The leading knowledge platform for the financial technology industry
The leading knowledge platform for the financial technology industry

A-Team Insight Blogs

FCA Urges Greater Cyber Resilience

The number of cyber incidents financial services firms reported to the Financial Conduct Authority (FCA) soared in 2018, and the watchdog is now calling on regulated firms to develop greater cyber resilience to prevent attacks and operational resilience to recover from them.

According to data recently acquired by accountancy firm RSM under the Freedom of Information Act, cyber attacks on financial services firms increased 12-fold in 2018, with 819 incidents reported in 2018 compared to just 69 in 2017. Banks are the most vulnerable, accounting for over 50% of reports, while whole financial markets reported 115 incidents and retail investment firms accounted for 53.

Firms also reported a 187% increase in technology outages to the FCA, with 18% cyber-related and 20% specifically related to change management.

The FCA is now calling for greater IT security awareness across the financial industry, following a survey last year which found that nearly half of regulated financial services firms do not upgrade or retire old IT systems in time, while only 56% say they can measure the effectiveness of their information asset controls. Only the largest firms have automated their detection systems to spot potential cyber attacks, with smaller firms generally relying on old school, manual processes – or no processes at all. The regulator also suspects that under-reporting is still an issue, suggesting that the problem could be even more widespread.

“The current threat level is remarkable,” warns Megan Butler, Executive Director of Supervision – Investment, Wholesale and Specialists at the FCA. “Keeping this in mind, it is a major concern that a lot of firms still seem to be trying to get the basics right on cyber. A third of firms do not perform regular cyber assessments. Most know where their data is. But describe it as a challenge to maintain that picture.”
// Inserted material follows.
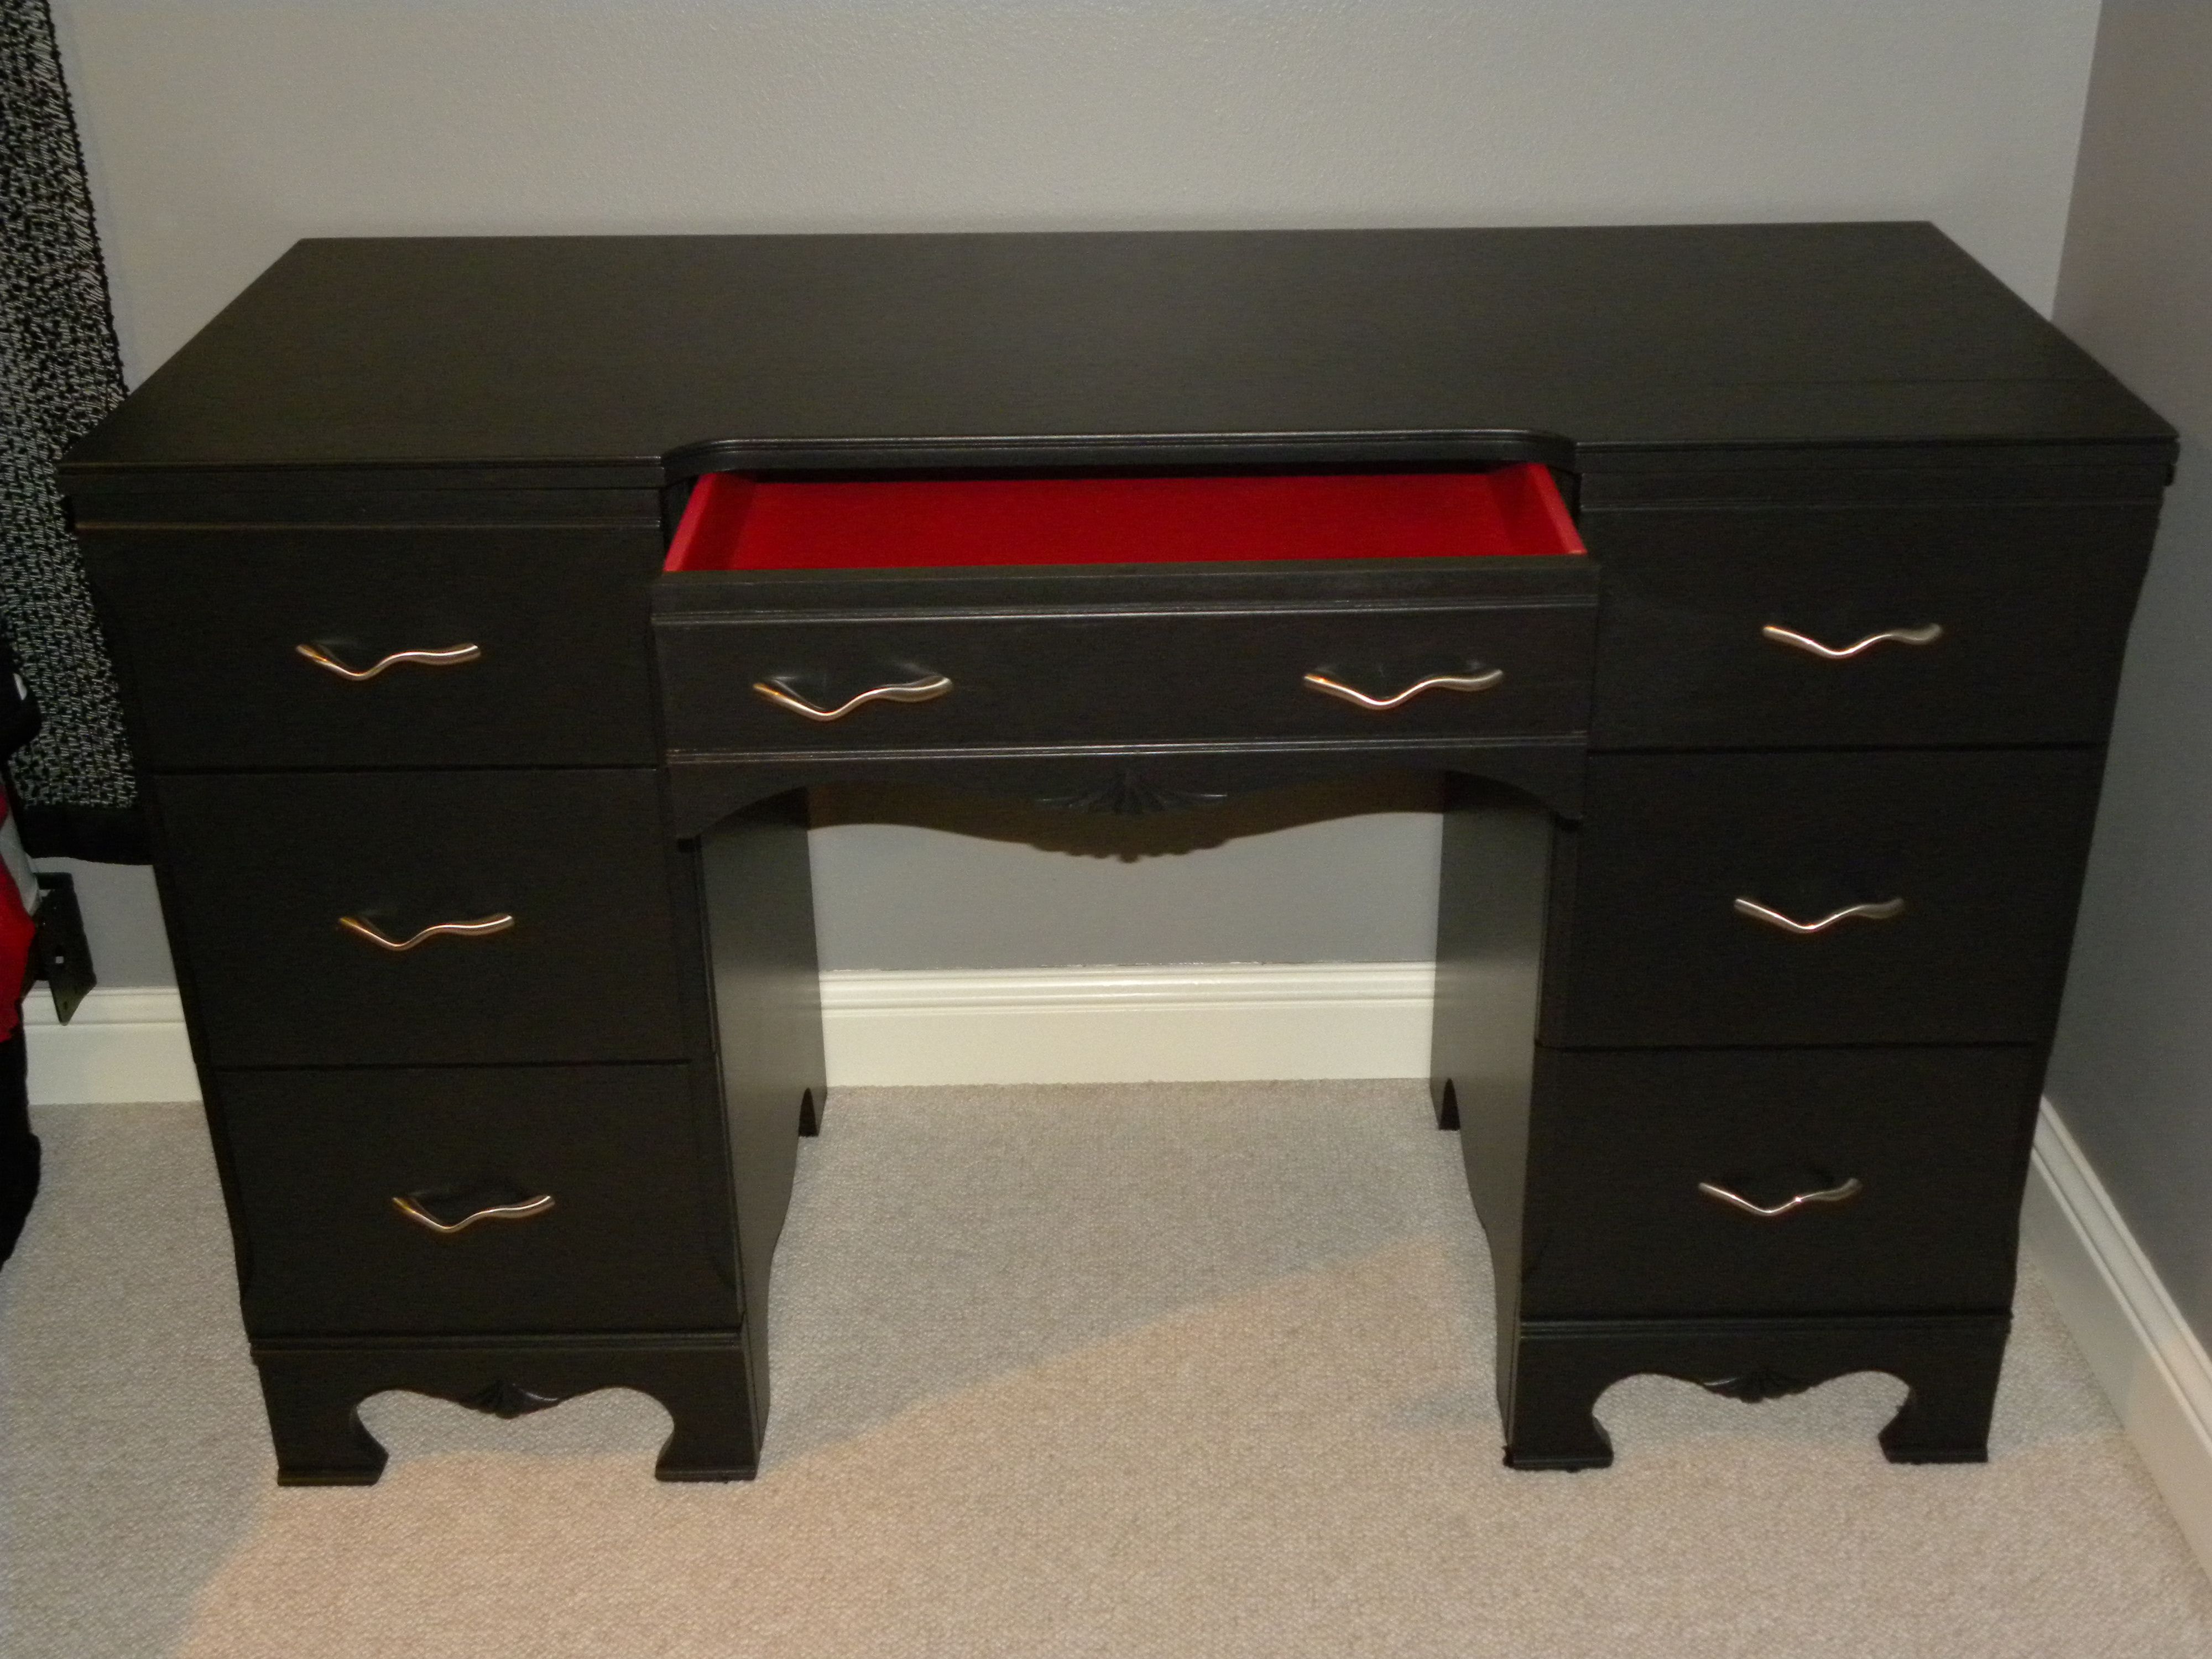 Painted old solid wood desk black. Painted inside drawers red and ...

The financial services industry is currently one of the slowest to address security flaws. According to cyber security firm Veracode it takes an average 163 days to fix security defects in a financial institution, compared to (for example) just 43 days in Healthcare.
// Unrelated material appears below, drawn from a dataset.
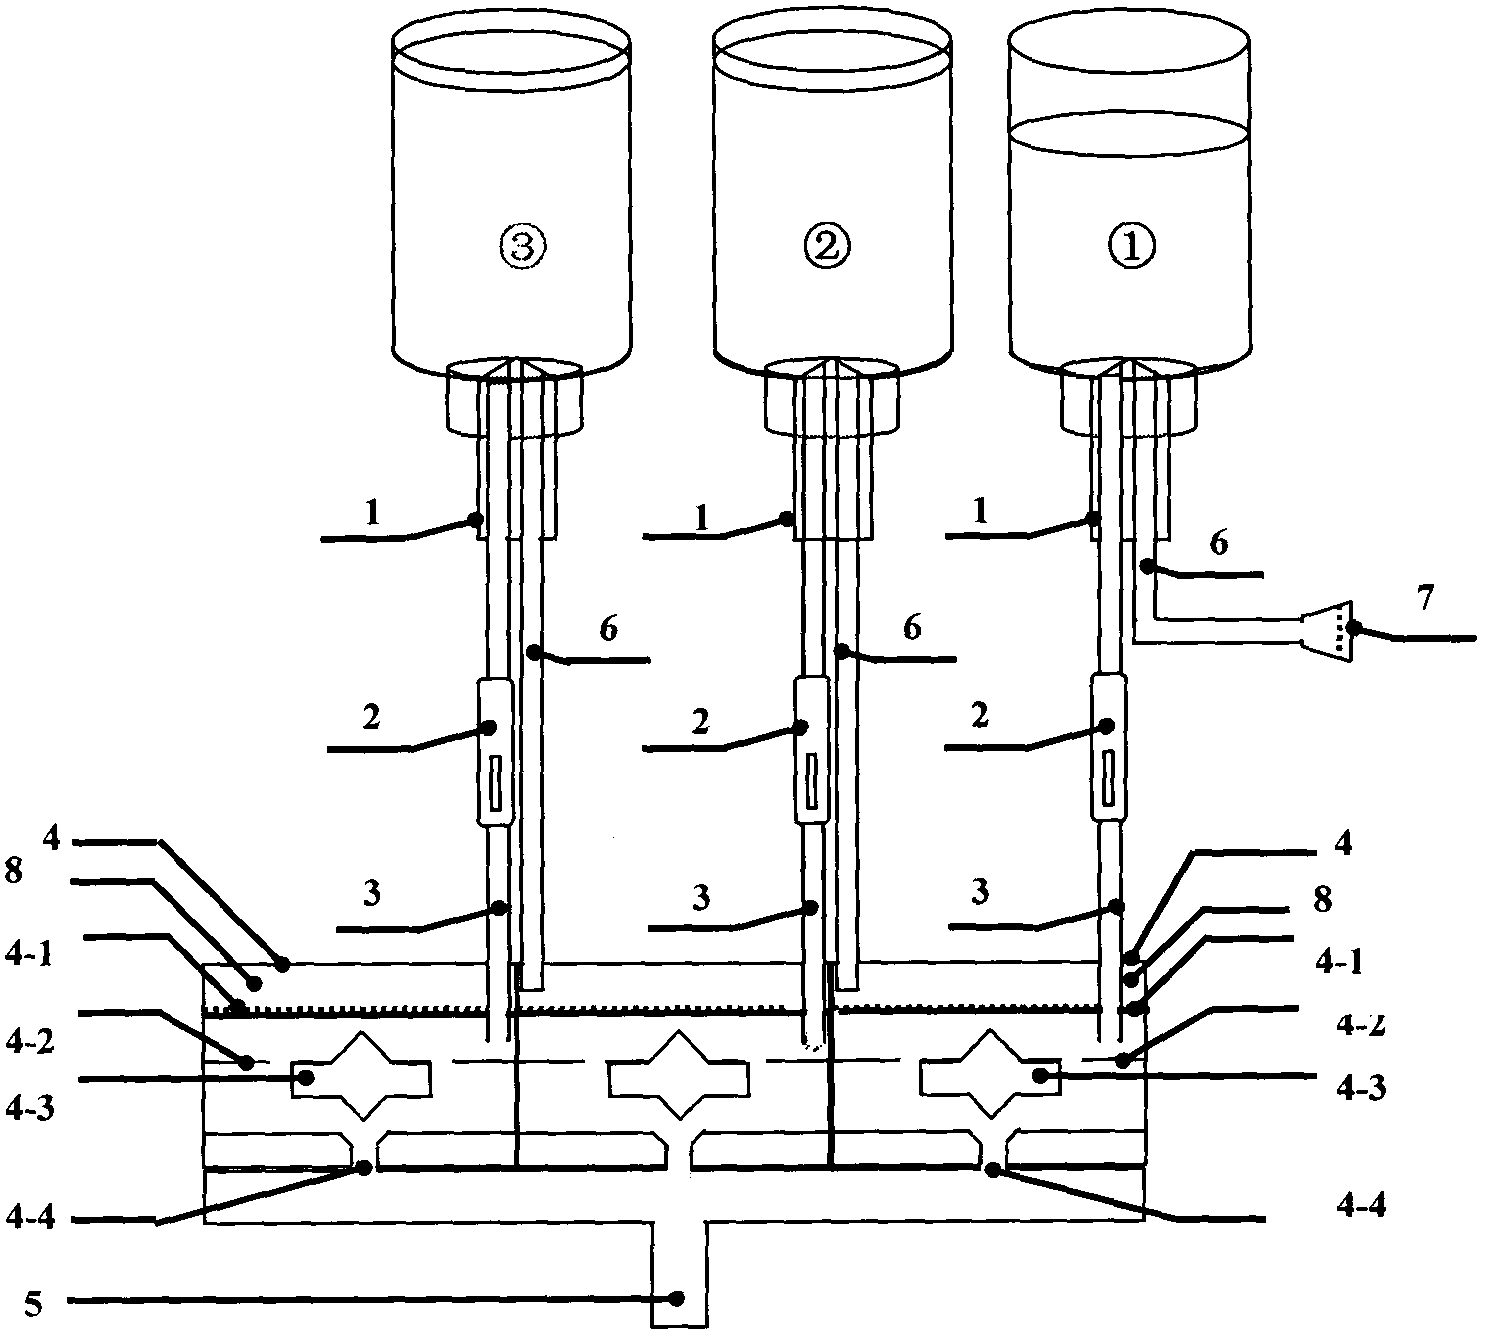 Transfusion device having automatic bottle change and safety protection functions

“Global financial institutions are consistently a favourite target of attackers and will continue to be until they speed up vulnerability remediation. Leaving holes in a bank’s security posture is like leaving the keys to the castle under the mat, putting highly valuable information and critical assets at risk,” warns Paul Farrington, Veracode’s EMEA Chief Technology Officer.

“Whilst our data shows the sector is in fact scanning a huge volume of applications and finding flaws that need fixing, the next frontier is achieving greater speed in fixing those flaws, because speed matters. The velocity at which organisations fix flaws they discover in their code directly mirrors the level of risk incurred by applications. The financial sector should consider all dimensions of risk to prioritise which flaws to fix first.”